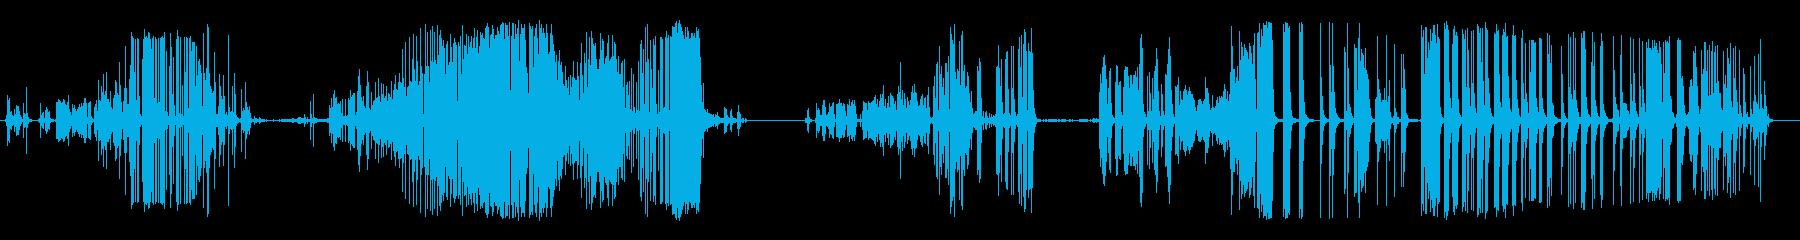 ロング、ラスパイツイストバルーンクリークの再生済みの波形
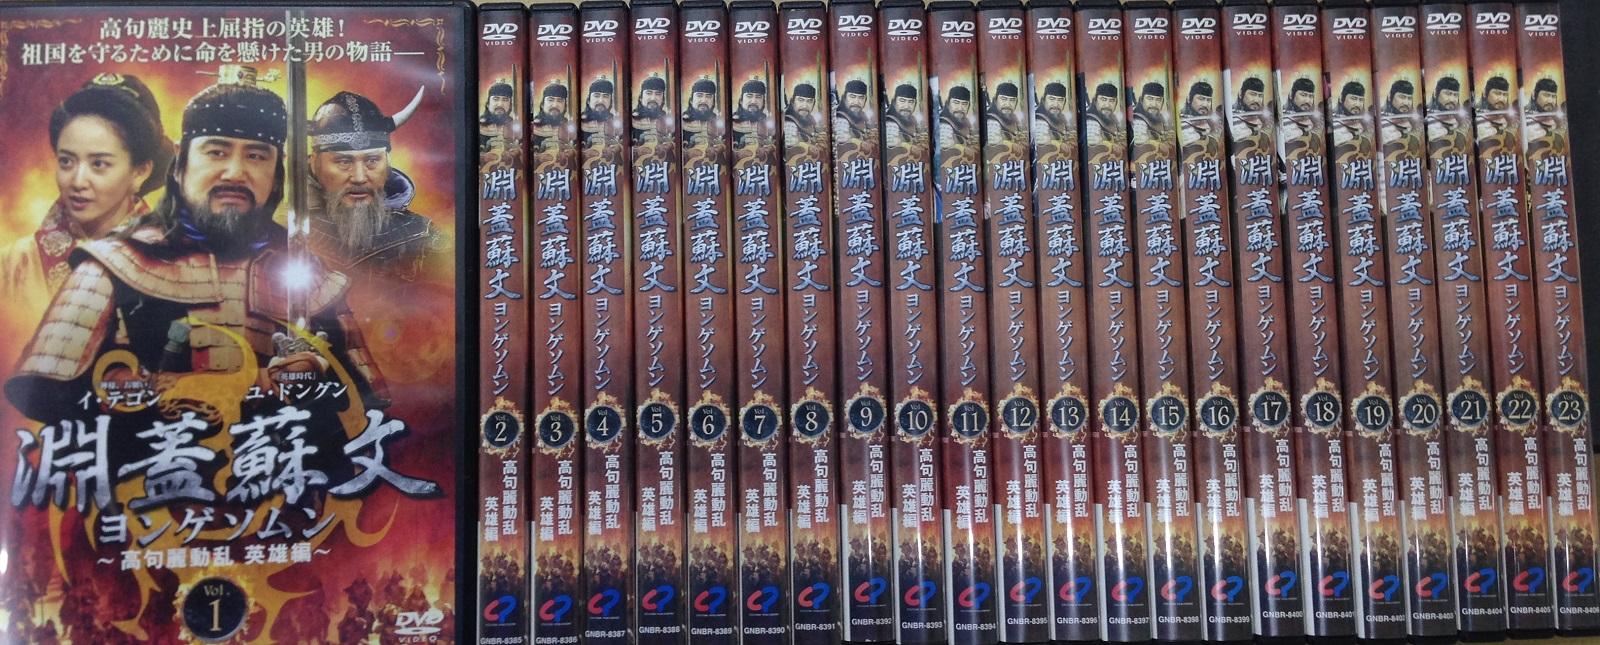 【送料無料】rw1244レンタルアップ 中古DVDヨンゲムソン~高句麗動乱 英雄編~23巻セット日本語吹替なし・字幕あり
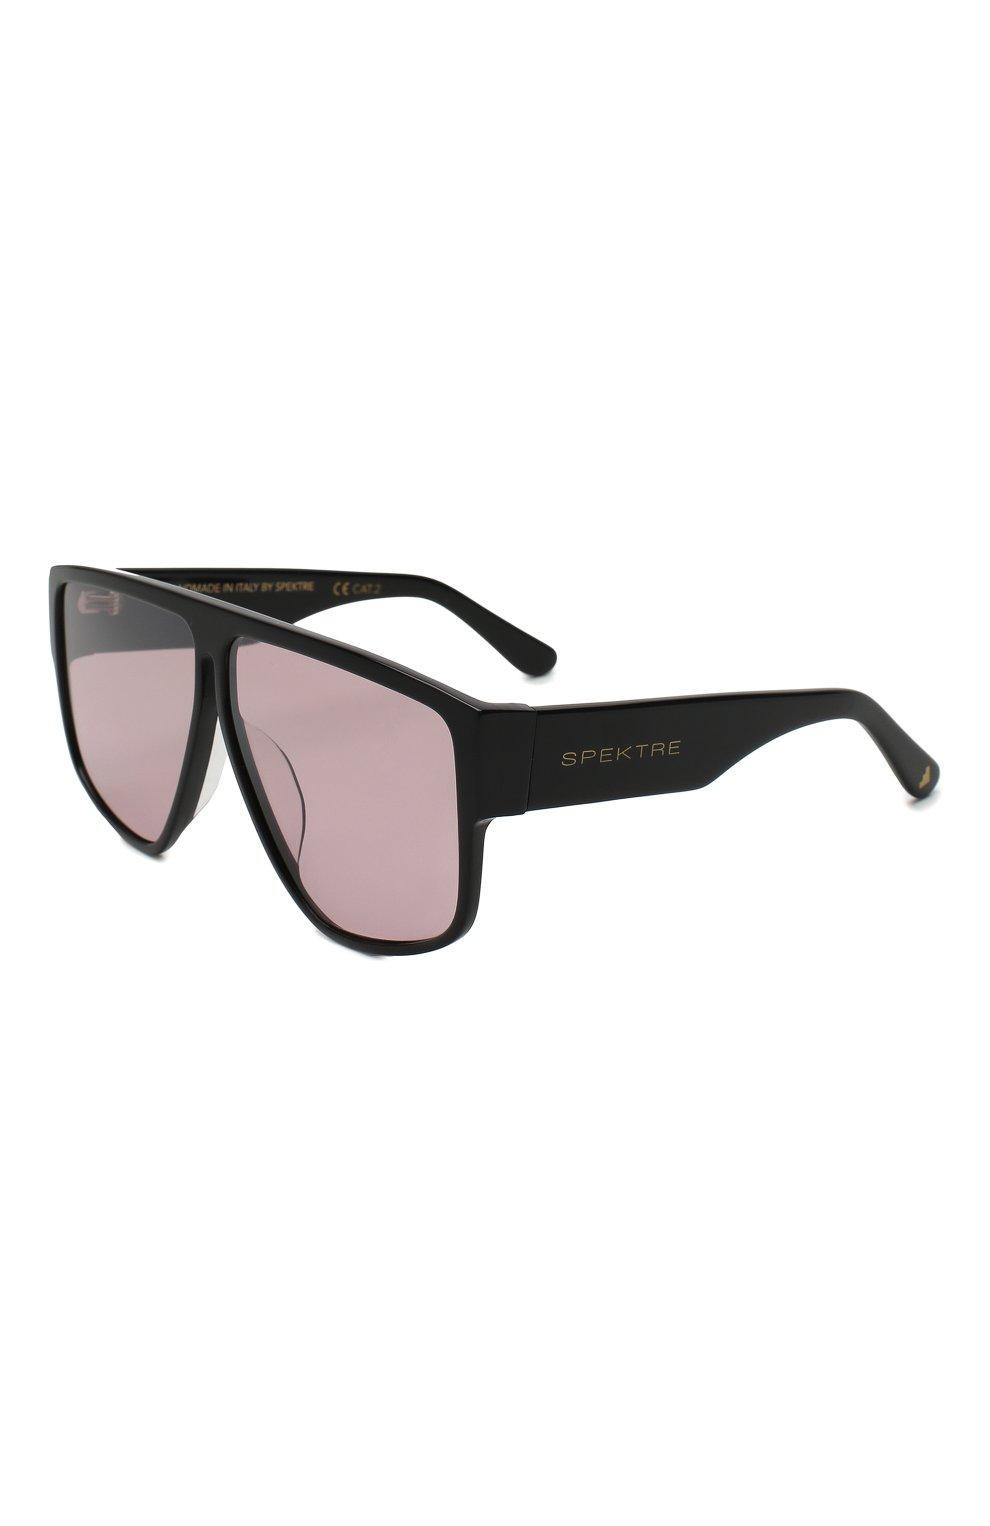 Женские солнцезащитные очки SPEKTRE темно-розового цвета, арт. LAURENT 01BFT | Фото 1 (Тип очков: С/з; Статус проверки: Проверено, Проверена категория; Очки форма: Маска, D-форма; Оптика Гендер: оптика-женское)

= = = =

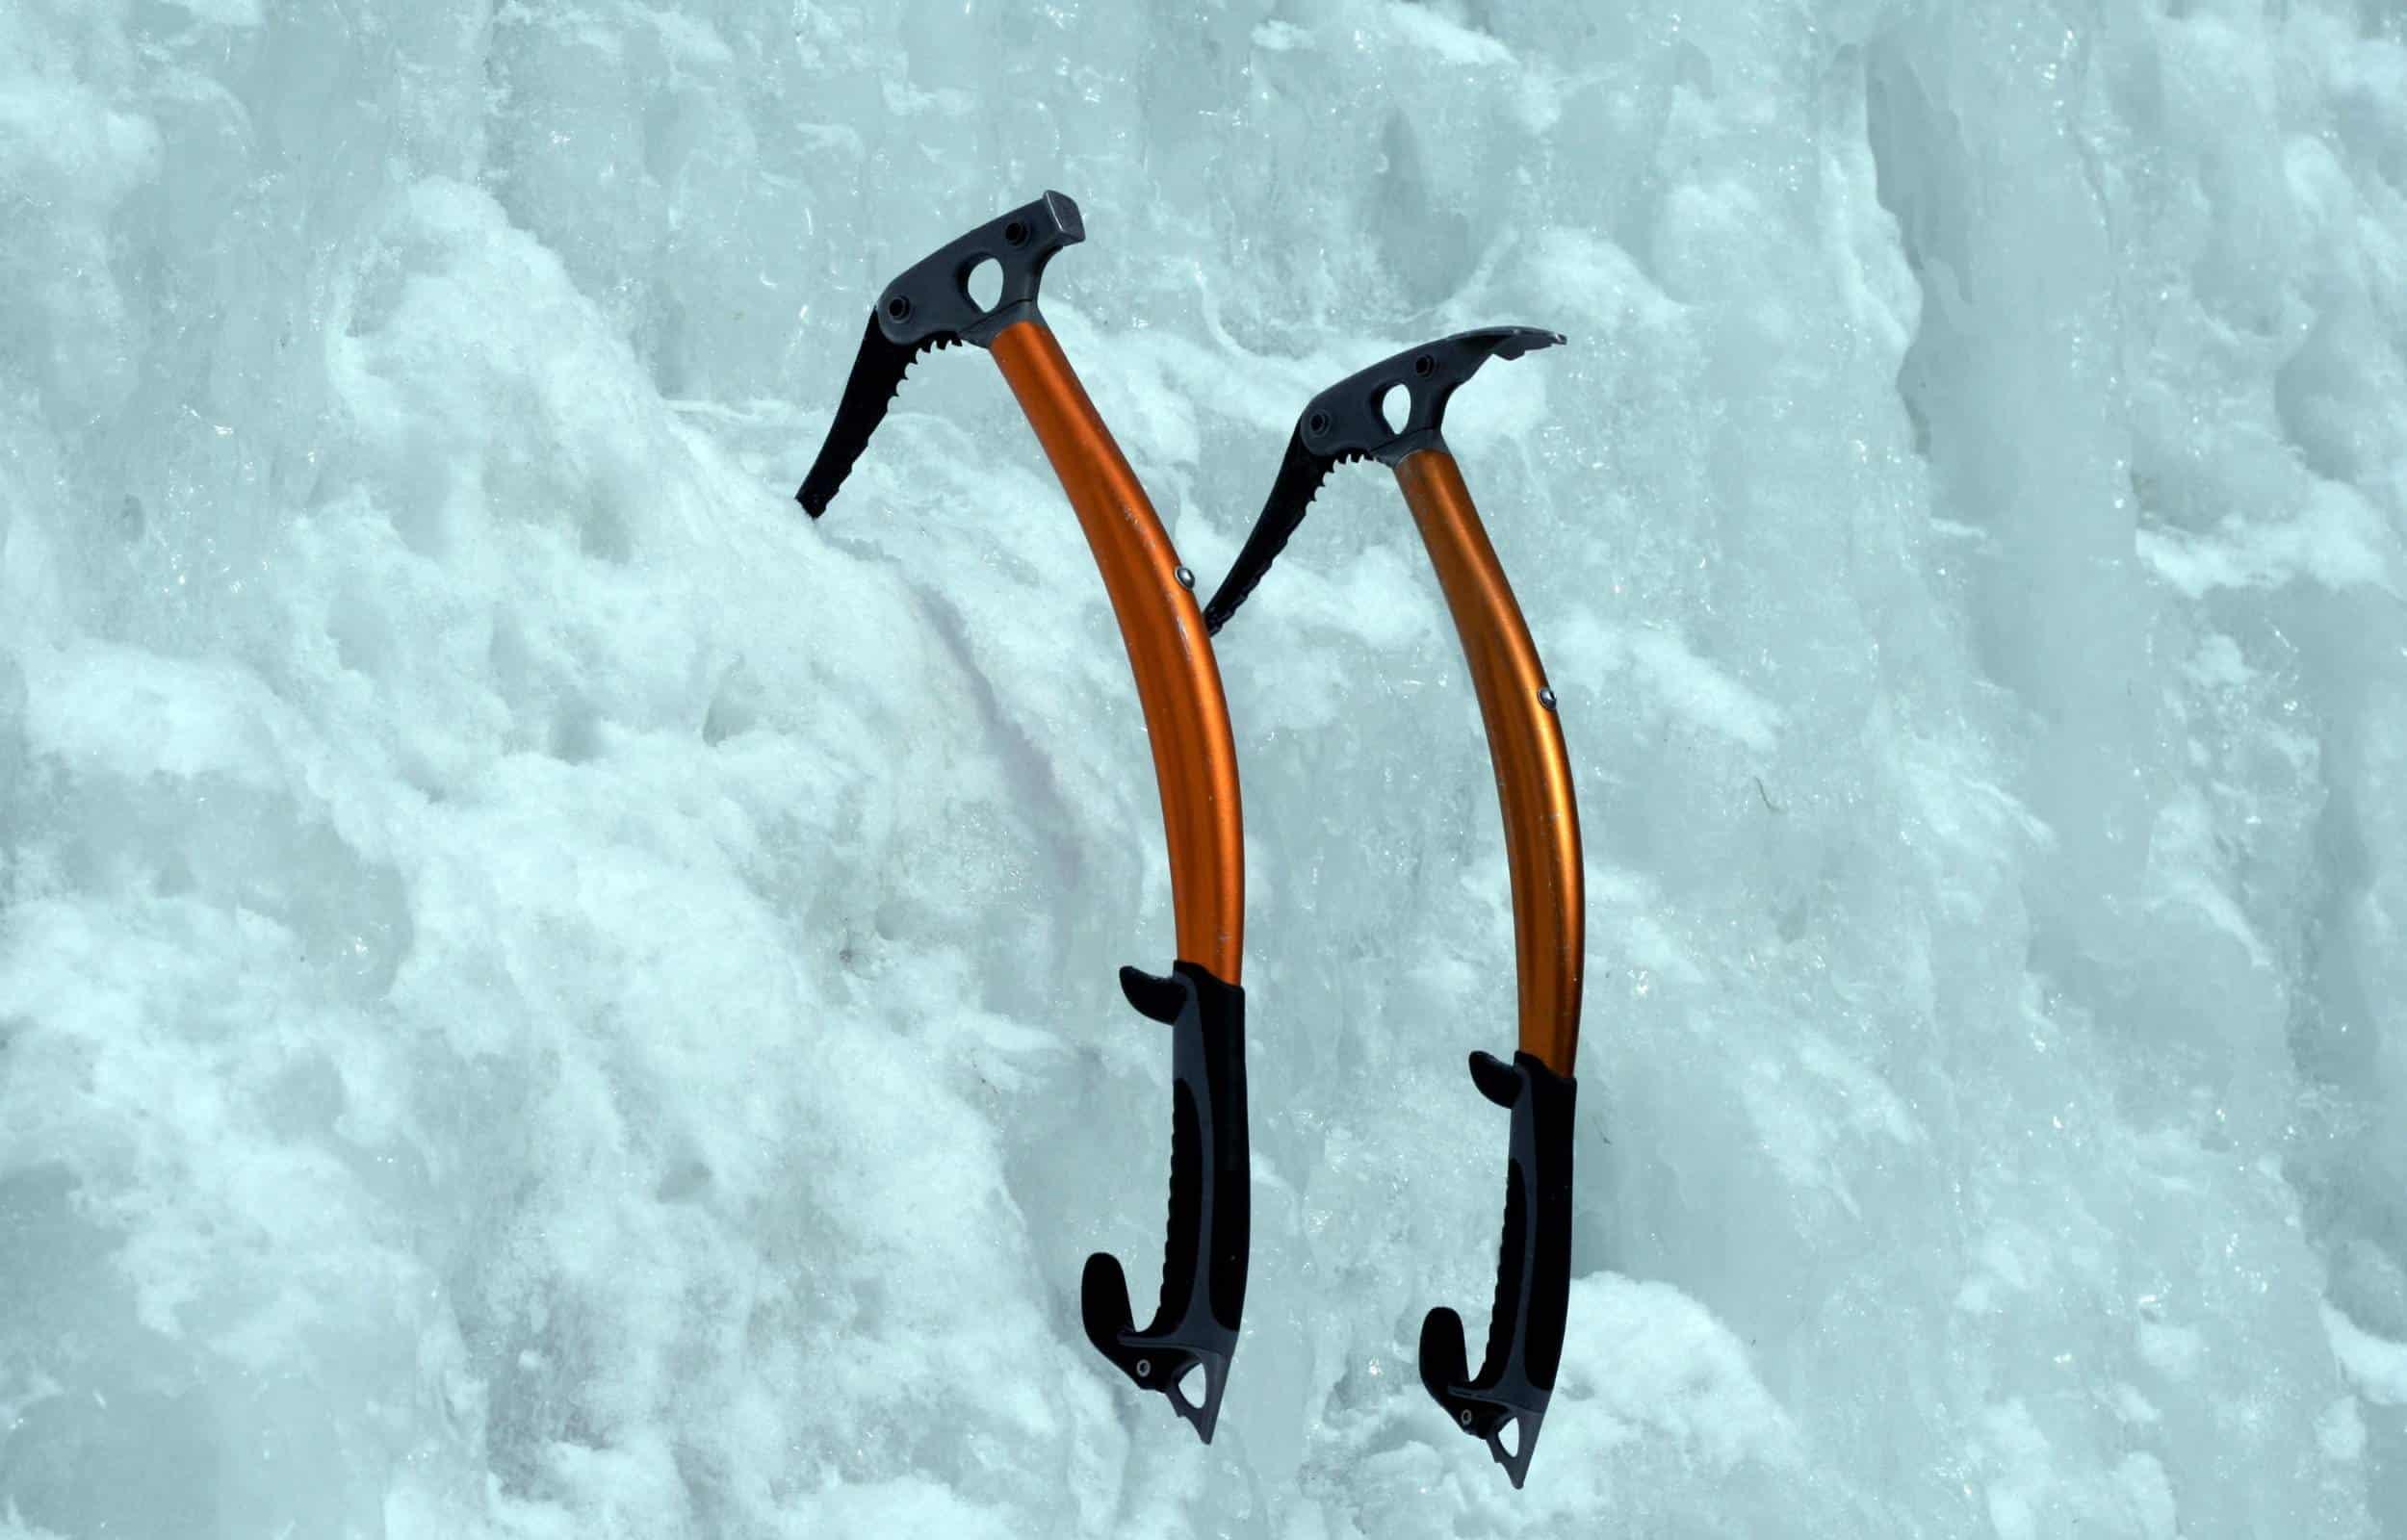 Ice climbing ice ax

= = = =

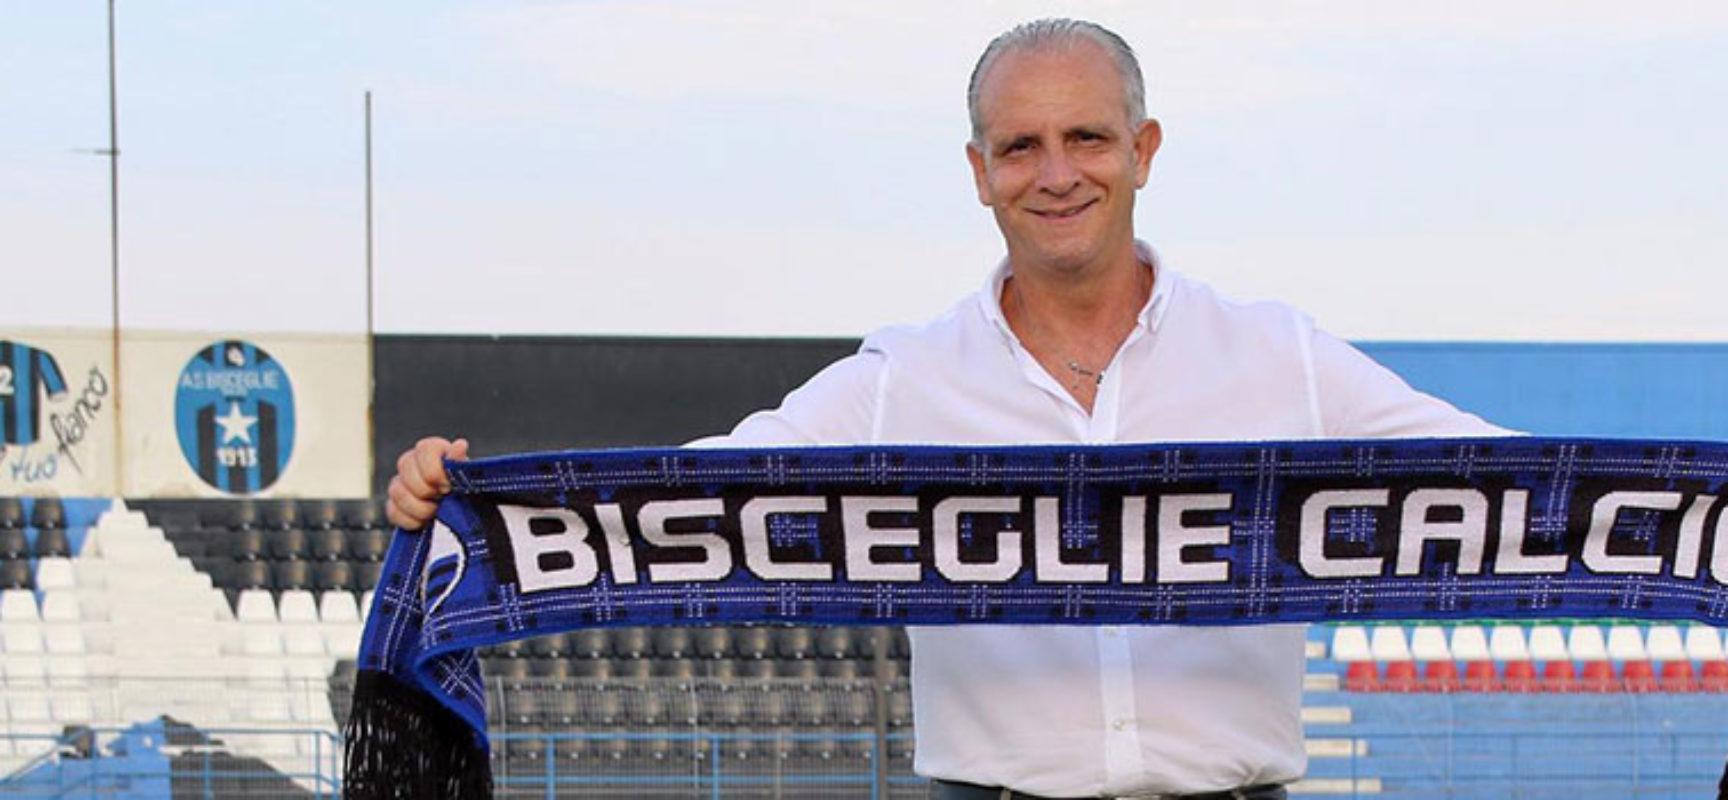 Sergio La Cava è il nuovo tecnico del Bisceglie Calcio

= = = =

AIM OF THE TASK
Your answer must be everything above from the line with "ロング、ラスパイツイストバルーンクリークの再生済みの波形" down to the line with "Женские солнцезащитные очки", word for word, and no pictures.

WRITTEN SOLUTION
 ロング、ラスパイツイストバルーンクリークの再生済みの波形
 【送料無料】rw1244レンタルアップ 中古DVDヨンゲムソン~高句麗動乱 英雄編~23巻セット日本語吹替なし・字幕あり
 Женские солнцезащитные очки SPEKTRE темно-розового цвета, арт. LAURENT 01BFT | Фото 1 (Тип очков: С/з; Статус проверки: Проверено, Проверена категория; Очки форма: Маска, D-форма; Оптика Гендер: оптика-женское)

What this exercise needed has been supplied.